Yeasts and moulds have been reported to be the most important spoilage microorganisms of fresh-cut fruits [23]. According to the Institute of Food Science and Technology (IFST) [23], the maximum acceptable plate count of 6.0 log10 CFU/g shall not be exceeded during the entire shelf life of sliced fruits stored under chilled conditions. All AF samples assessed displayed microbial loads smaller than 6.0 log10 CFU/g, whereas the TPC as well as the yeast and mould count determined in the SF pineapples exceeded this critical value already five and eight days after processing, respectively (see dashed line in Fig. 3). Noteworthy, the pineapple flesh is not sterile and contains fungi, yeasts, and bacteria [24]. Storage of the green-ripe pineapples prior to processing may result in the elevated TPCs observed in the SF samples, possibly from the growth of this genuine microflora. Concluding, processing freshly harvested pineapples at full maturity resulted in lower total plate as well as yeast and mould counts compared to samples from the green-ripe fruit that were stored for 14 days prior to processing.

Conclusion

With the exception of the drip loss, the titratable acids, and the TSS/TA ratio, post-harvest procedures had only a marginal impact on the physicochemical properties of fresh-cut pineapples. By contrast, processing fully ripe pineapples resulted in lower total plate as well as yeast and mould counts compared to samples from green-ripe fruit stored for 14 days prior to processing. Consequently, processing fully ripe pineapples immediately after harvest may be recommended for fresh-cut processors targeting the premium market rather than using sea-freighted fruit. Moreover, HS-SPME–GC–MS analysis of volatiles allowed the unambiguous distinction between fresh-cut products obtained from fruit harvested at full maturity and green-ripe pineapples stored for 14 days mimicking their sea freight export.

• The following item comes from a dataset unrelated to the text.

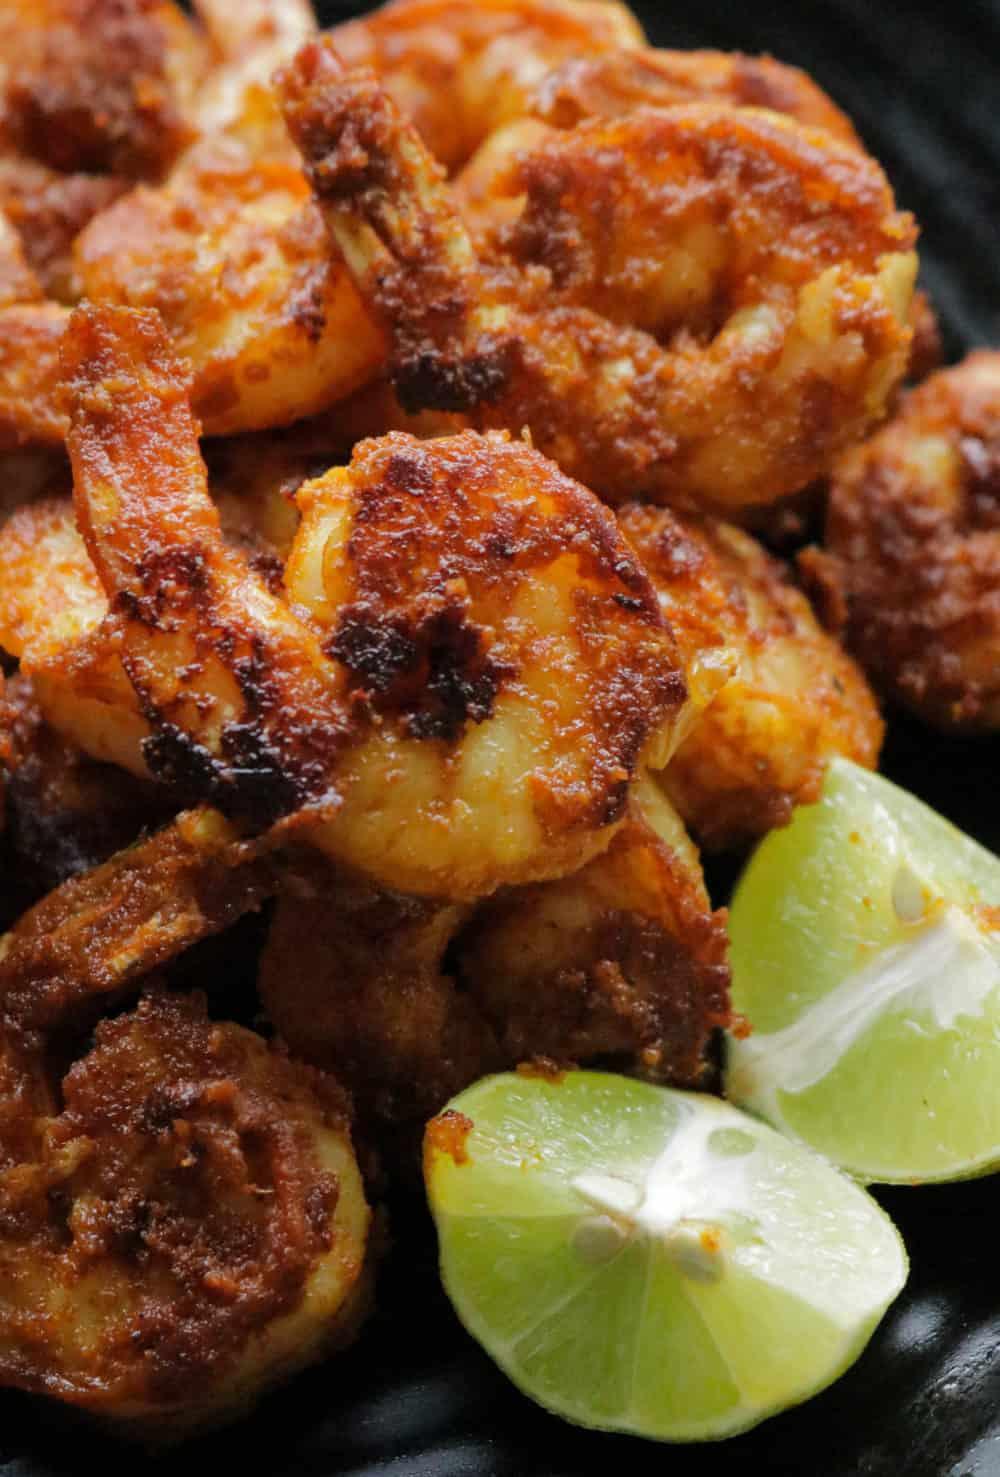 tandoori shrimp served in a platter.

In most instances, elevated concentrations of volatiles were found among the products from fully ripe pineapples. With progressing storage duration, additional volatiles deriving from fermentative metabolic pathways, i.e., diverse alcohols and ethyl esters, were generated.

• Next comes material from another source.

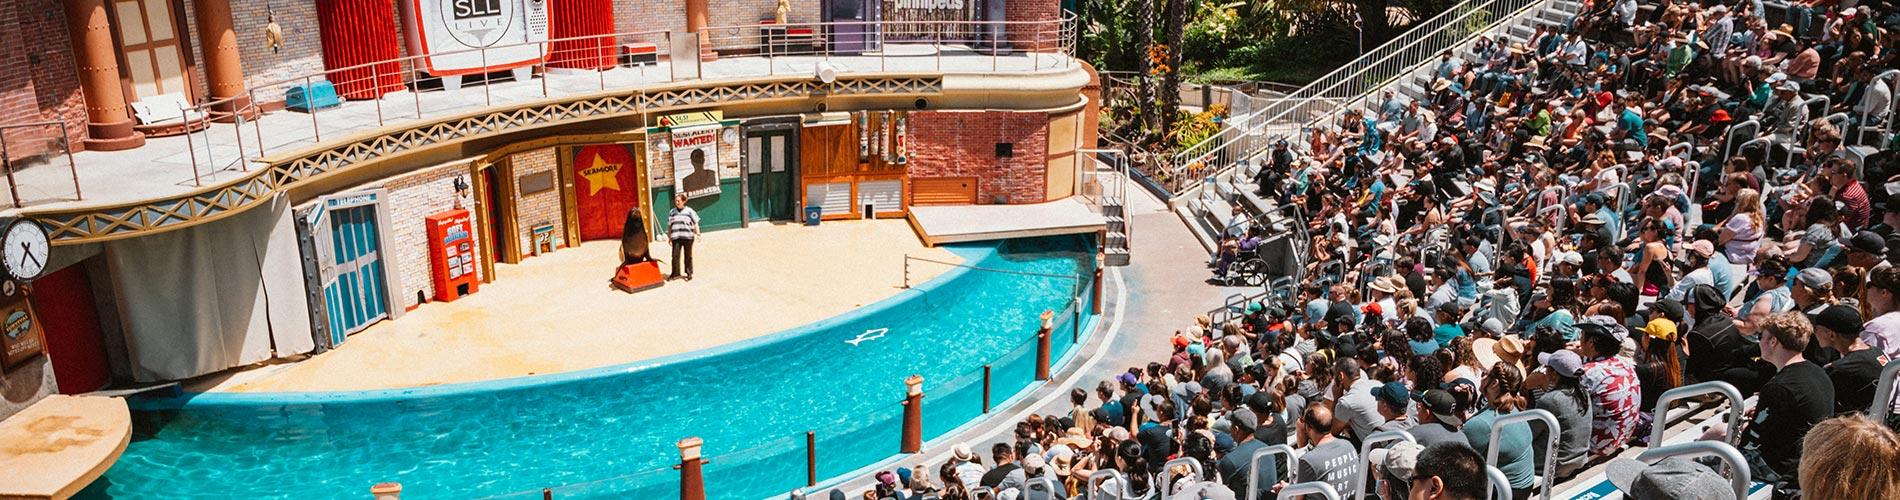 Sea Lion Live at SeaWorld San Diego

Concluding, in particular the factors determining the sensory properties, i.e., TSS/TA and the aroma-determining volatiles were the most distinctive traits to discriminate air-freighted fresh-cut pineapples from the produce obtained from sea-freighted fruit. Hence, air-freighted fresh-cut produce may be recommended for consumers that desire to experience the unique aroma quality of fully ripe pineapples. The differing composition of volatiles indicates distinct sensory properties of the two fresh-cut categories assessed that may be subject of ongoing research.